Beyond calibration, the design offers several advantages for bionic robots. The symmetric sensor arrangement reduces cross-axis coupling, a common issue in multi-dimensional force sensors. The use of low-cost FSS sensors keeps the overall system affordable, enabling deployment on multiple legs of a bionic robot without prohibitive expenses. Moreover, the direct mounting of sensors at the foot-end eliminates signal delays associated with leg-mounted sensors, providing immediate feedback for real-time control. This is particularly beneficial for bionic robots that employ bio-inspired control schemes, such as CPG networks, where force feedback can modulate rhythm generation and phase transitions.
In practical terms, integrating this foot into a bionic robot involves connecting the sensor outputs to a microcontroller that implements the transformation matrix. For example, in a hexapod bionic robot, each foot could be equipped with this assembly, and force data from all legs could be fused to estimate terrain properties or adjust gait parameters. The compact size and low mass ensure minimal impact on the robot’s dynamics, preserving agility and energy efficiency. Additionally, the 3D-printed components allow for rapid prototyping and customization to different bionic robot morphologies, such as insect-like or mammalian-like legs.
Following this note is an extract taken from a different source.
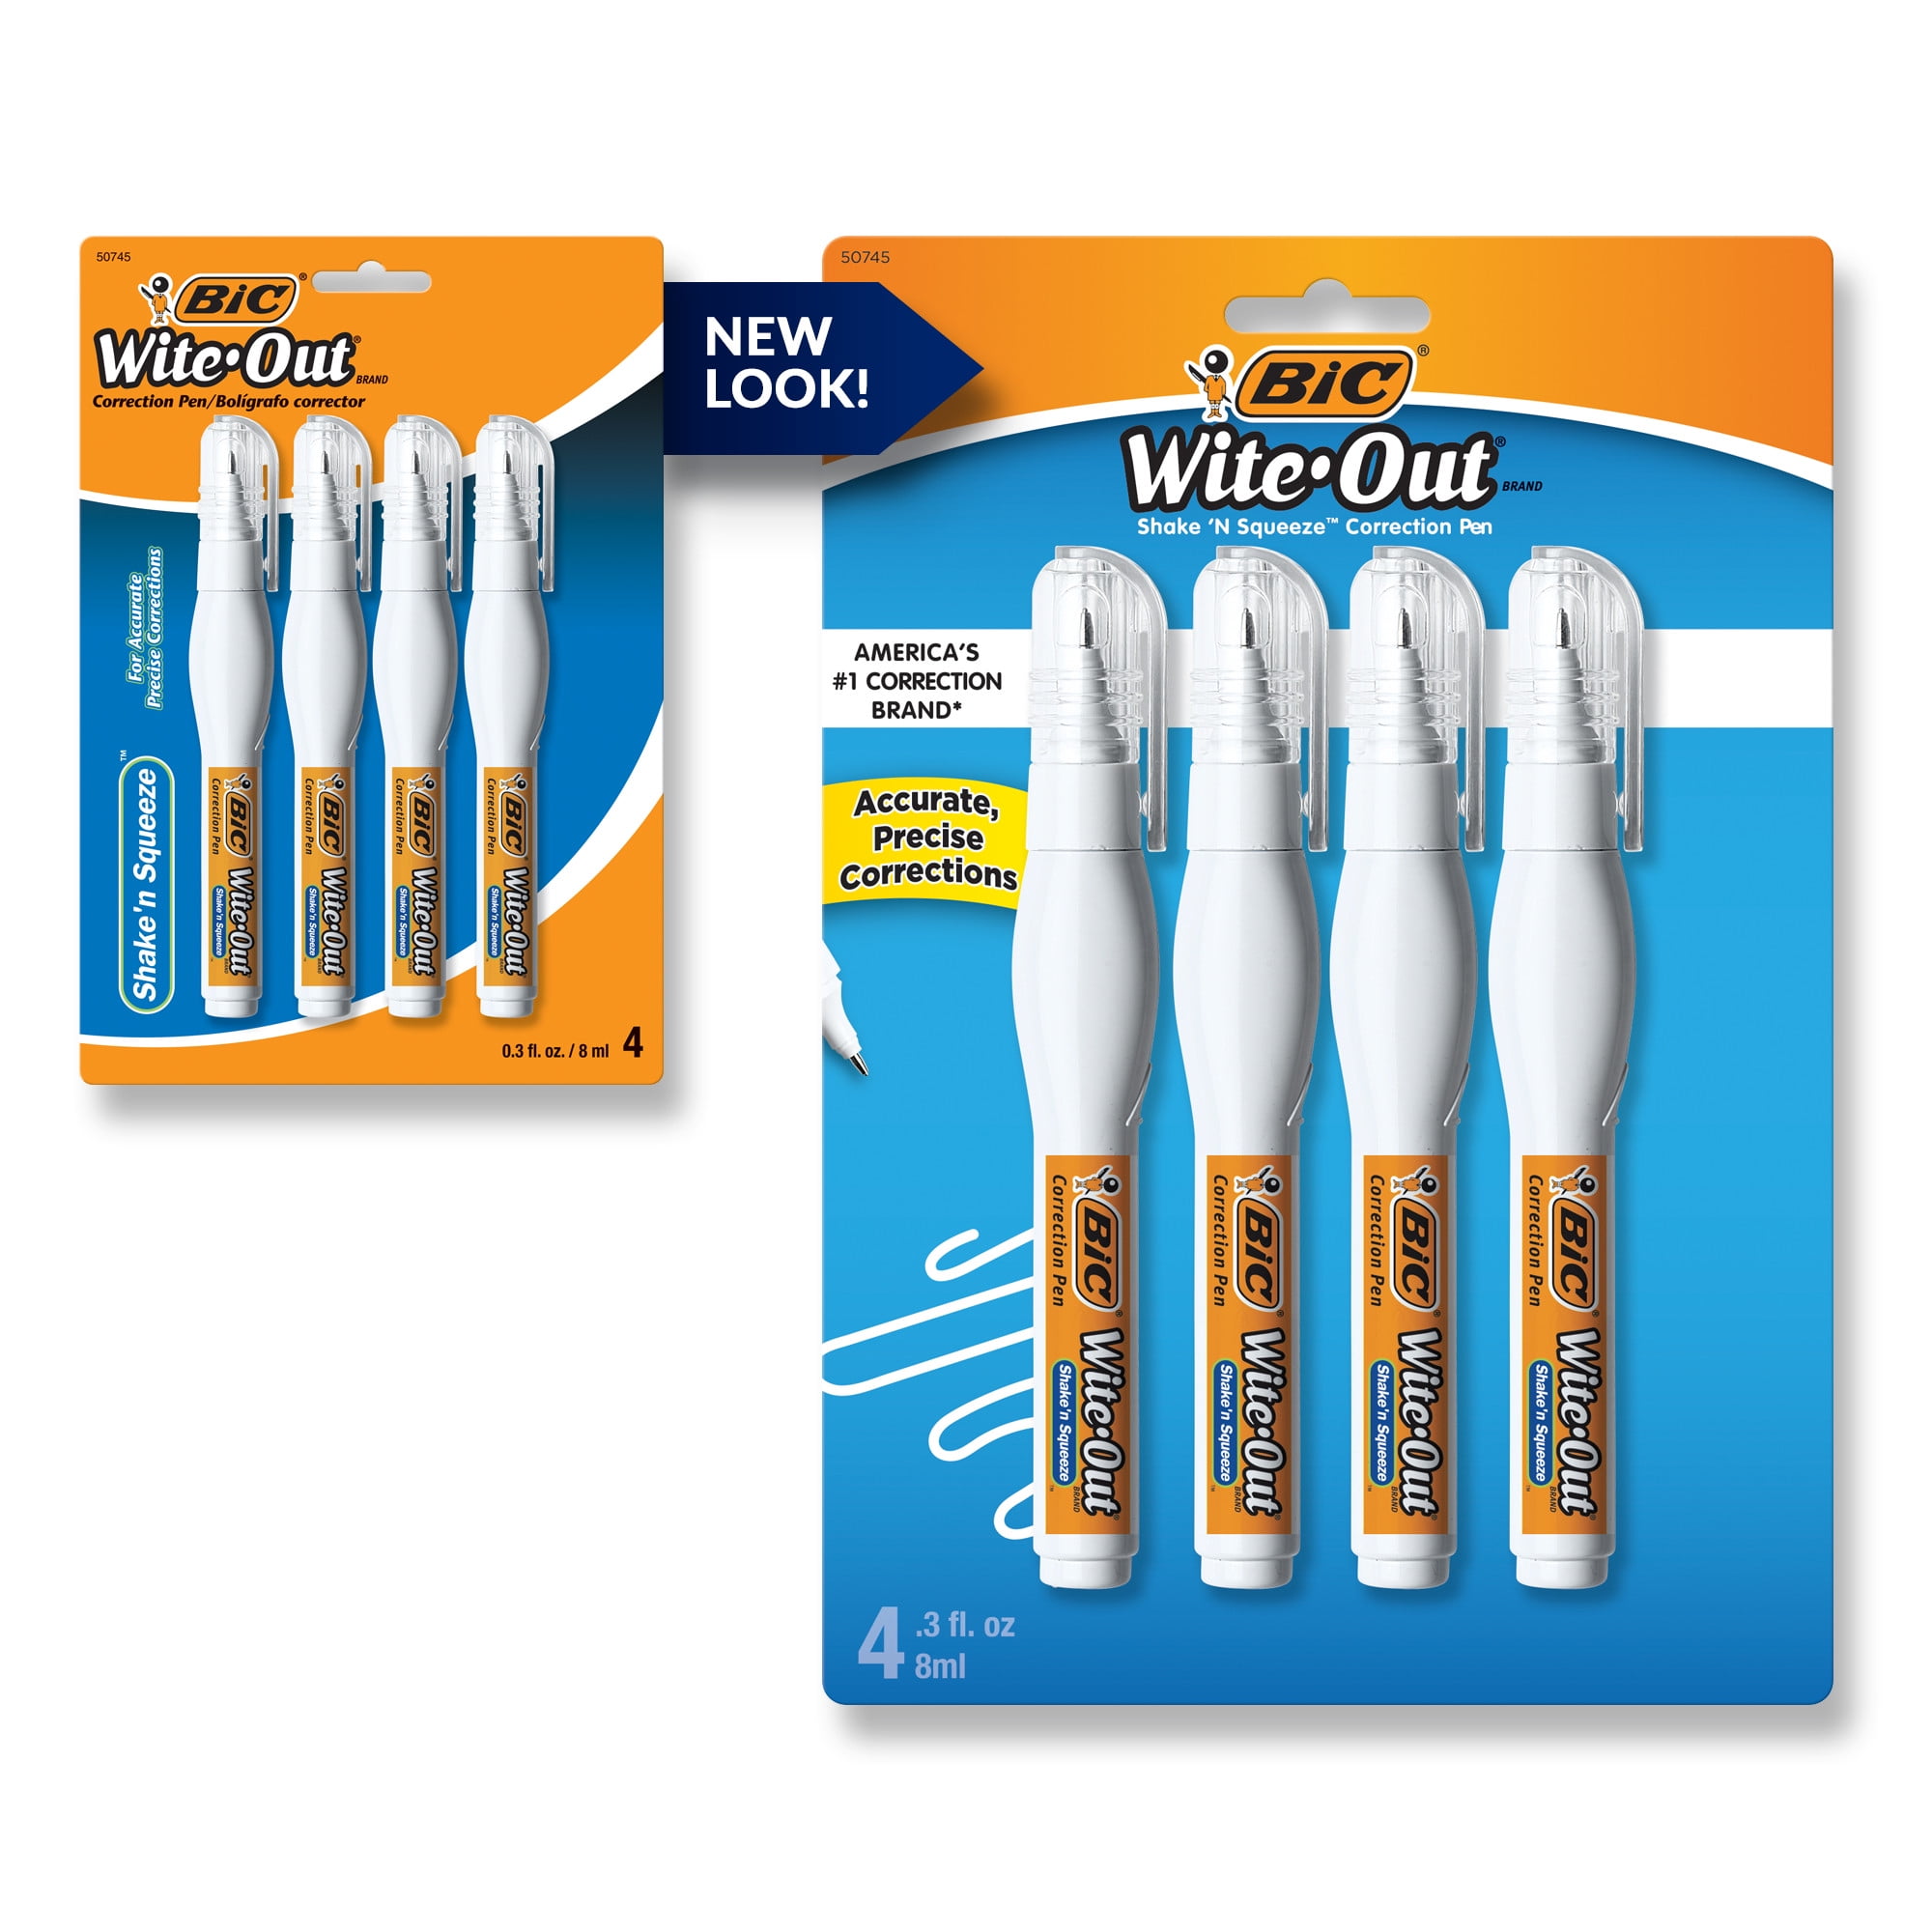 Bic Wite-Out Shake 'n Squeeze Correction Pen 8 ml White 4/Pack WOSQPP418

Looking ahead, there are several avenues for improvement. First, enhancing the Z-direction linearity could be achieved by optimizing the preload mechanism, perhaps using a spring-based system that maintains constant preload under deformation. Second, incorporating temperature compensation for the FSS sensors would improve accuracy in varying environmental conditions, which is important for bionic robots operating outdoors. Third, expanding the sensing capabilities to include shear forces or moments could provide more comprehensive contact information for advanced bionic robot behaviors. Finally, field testing on actual bionic robot platforms will validate the foot’s performance in real-world scenarios, such as walking over gravel, mud, or inclined surfaces.
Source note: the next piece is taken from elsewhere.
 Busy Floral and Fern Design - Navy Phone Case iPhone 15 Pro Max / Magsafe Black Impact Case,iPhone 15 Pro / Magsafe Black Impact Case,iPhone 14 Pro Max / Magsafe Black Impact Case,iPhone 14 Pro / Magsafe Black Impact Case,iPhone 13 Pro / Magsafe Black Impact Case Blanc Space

In conclusion, we have successfully designed and characterized a three-axis force-sensing foot for multi-legged bionic robots. The foot leverages a symmetric arrangement of one-dimensional force sensors to achieve decoupled force measurement with acceptable accuracy. Through systematic experiments, we optimized key parameters like preload and material selection to balance sensitivity, range, and weight. The derived transformation matrix enables real-time force computation, supporting responsive control strategies for bionic robots. This work contributes to the broader goal of enhancing the adaptability and autonomy of bionic robots in unstructured environments. As bionic robots continue to evolve, sensory innovations like this foot will play a pivotal role in enabling more natural and robust locomotion, ultimately expanding their applications in exploration, rescue, and beyond.
The development of such sensory systems is a step toward more intelligent bionic robots that can perceive and interact with their surroundings akin to biological organisms. By integrating force feedback at the foot level, bionic robots can achieve better stability and adaptability, paving the way for advancements in robotic mobility. Future research will focus on miniaturization, multi-sensor fusion, and adaptive calibration techniques to further improve performance for diverse bionic robot platforms.